Дискуссия, как это водилось в советских поездах, шла, конечно, по основному вопросу, вставшему во весь рост в марте 1917-го, и не желающего с той поры садиться: «что такое советская власть и социа­лизм?»

Цинично настроенный оппонент Никиты в этом споре был никем иным, как начальником Волго-донского участка Каспийского Спецуправления подводных и кессонных работ: занимался он тем, что портил природу в одном ряду с совет­скими атомщиками, химиками, мелиораторами и энегетиками. На сей раз он помогал химикам портить воду, собираемую в цимлянском водохранилище гидростроителя­ми. При этом был честен с собой и не мог убедить себя в том, что делает доброе дело; и то, как он это дело делает, то­же не казалось ему образцом, и было очень далеко от плато­нической идеи социалистического труда. Ему противна была вся эта брехня по радио и в газетах о великих свершениях со­ветского народа, и досадно было на примере Никиты уве­риться, что эта пропаганда, – тем более агрессивная и убеди­тельная, чем далее отстояла она от реальности, – властвует душами. Он, не совсем правильно, объяснял эту силу тем, что люди прячутся от жизни в привилегированных слоях и в спе­циально создаваемых для воспроизводства этих слоев совет­ских «инкубаторах», производящих не людей, нет, – гомун­кулов! Никита был в его глазах «номенклатурным мальчи­ком», или, как позже стали говорить, «мажором», незаинте­ресованным в том, чтобы высовывать нос за свою загородку.

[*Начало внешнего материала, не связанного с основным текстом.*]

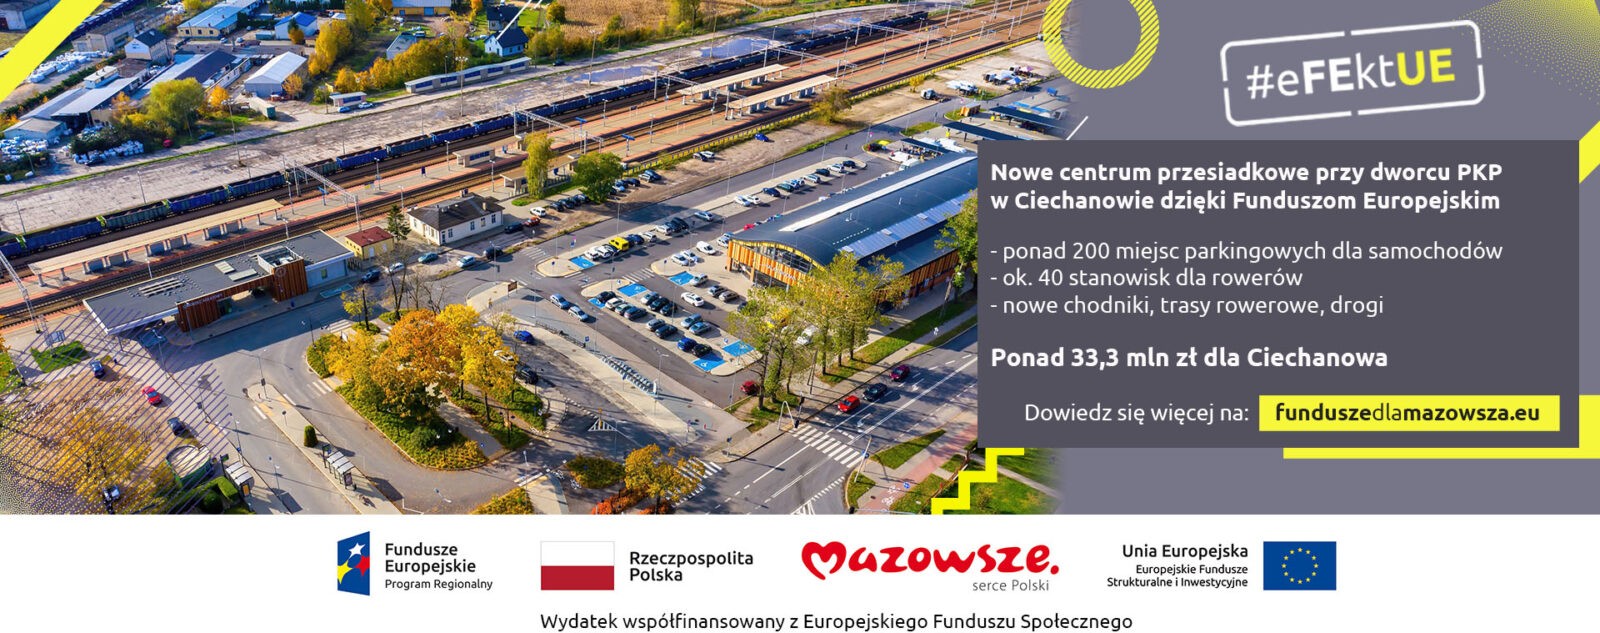 Fundusze europejskie wspierają rozwój transportu zbiorowego na Mazowszu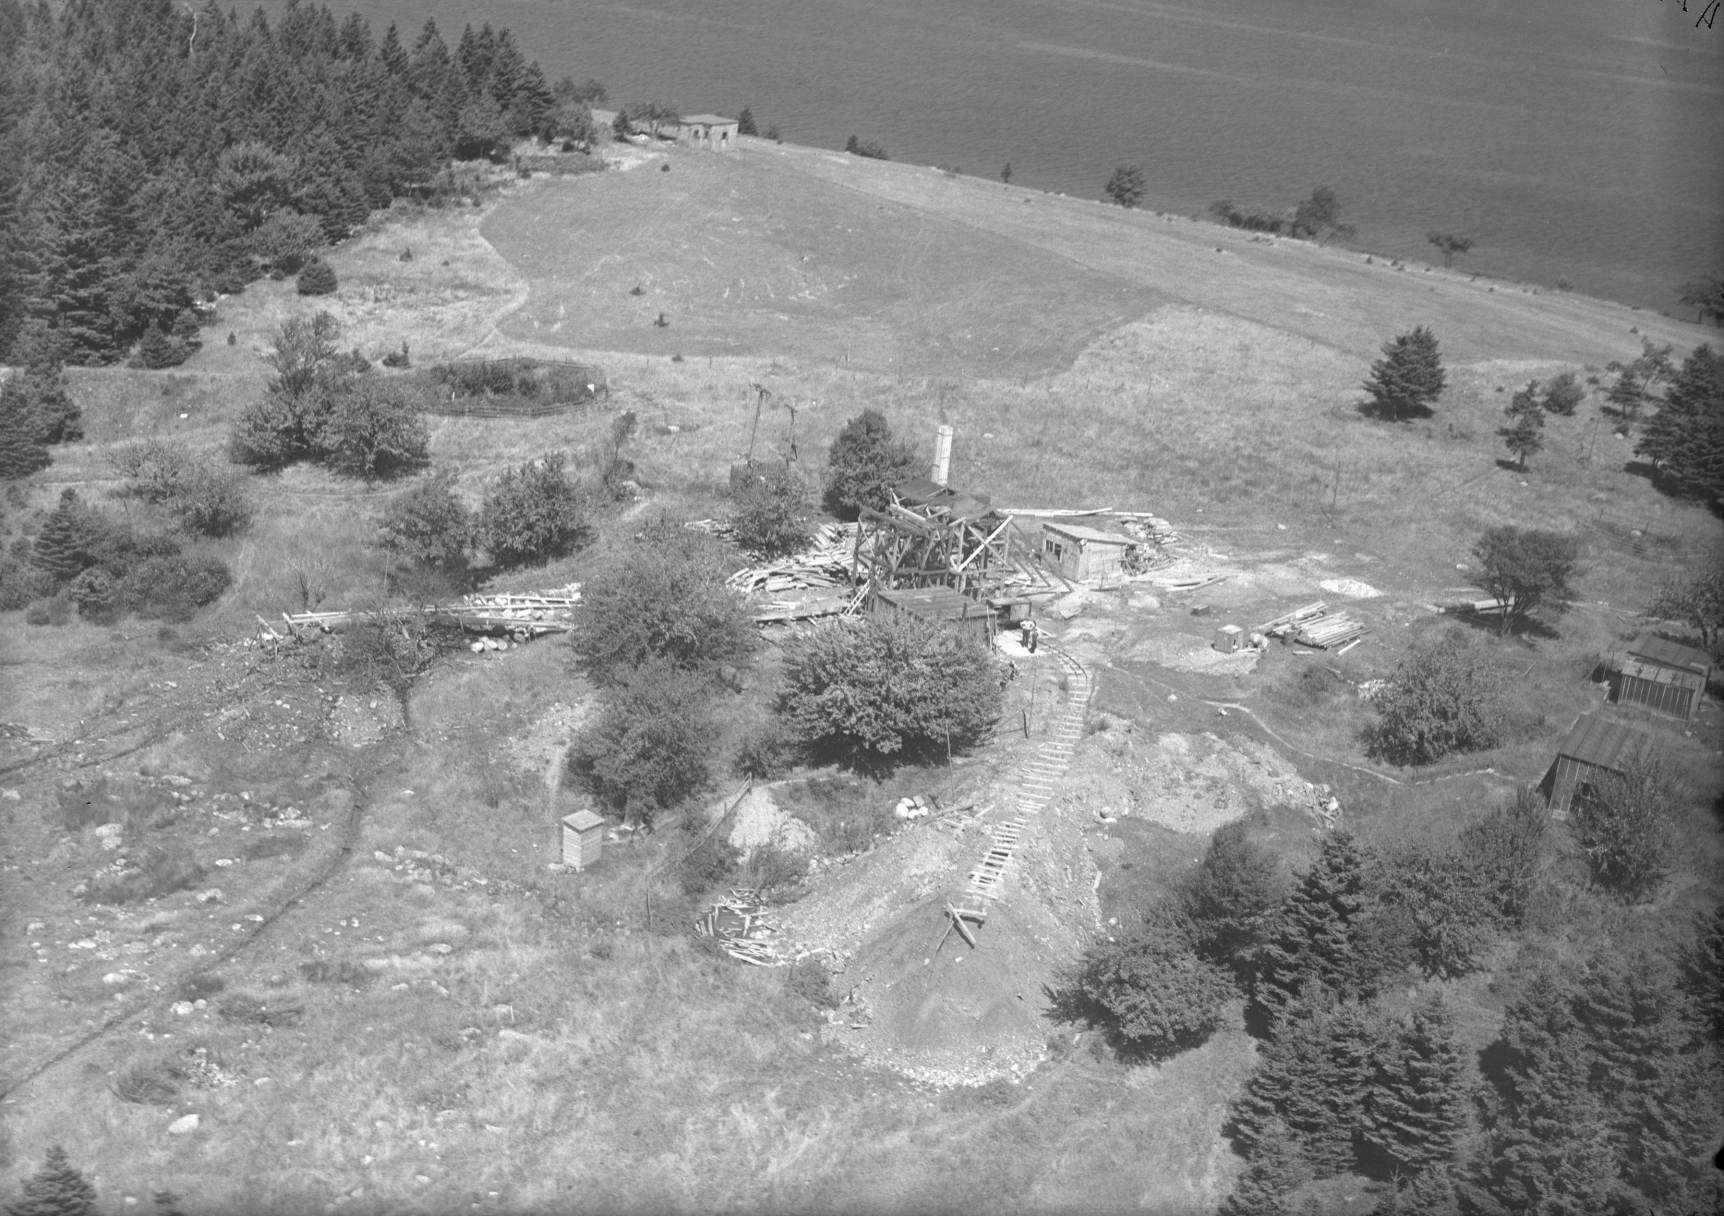 Fotografie byla pořízena v srpnu 1931 na Oak Island v Novém Skotsku v Kanadě. Znázorňoval různé výkopy a stavby.

Никита обидно чувствовал эту оценку и, хотя продолжал спорить, понимал, что словами тут не прошибёшь. Бывало, в таких случаях, он в бессилии плакал, слушая, как его стар­ший товарищ по цеху и сосед Кострома (кликуха такая) по­носил советскую власть, костромской его выговор, совсем непривычный для южного уха, невозможно было разобрать. Слышны были только ругательства, ко­торые и делали понятным общий смысл сказанного. На слух же его речь звучала примерно так: Бу-бу-бу, еп твою мать, бу-буббу, еп твою, бу-бу-бу мать...

Теперь повзрослевший Никита не плакал, он готов был принять вызов.


– И поработаю, – решительно сказал Никита.

– Да куда там..., – отмахнулся мужик, которого звали по­просту Толяном, а на службе – Анатолием Иванычем.

– Поработаю, берёшь меня?

– А как же институт? – Анатолий недоверчиво откинулся на спинку стула и, как бы с расстояния, пытливо глядел на Никиту.

– Утрясём, – заверил его Никита.


* * *

Бригадир кессонщиков завинтил входной люк шлюзовой камеры. Они сидели, скор­чившись, на деревянных банках в железном толстостенном цилиндре, при свете тусклой лампочки, лучи которой без от­ражений впитывались металлом, окрашенным охрой. В ци­линдре, помимо них, ничего не было, – только кран, торча­щий над головами.

– Погружаемся, – сказал бригадир и приоткрыл кран. За­шипел, выходя из крана, воздух, – тёплый, пахнущий рези­ной.

– Новички, зажимайте нос пальцами, вот так, – показал он, – и отстреливайте уши. Ясно?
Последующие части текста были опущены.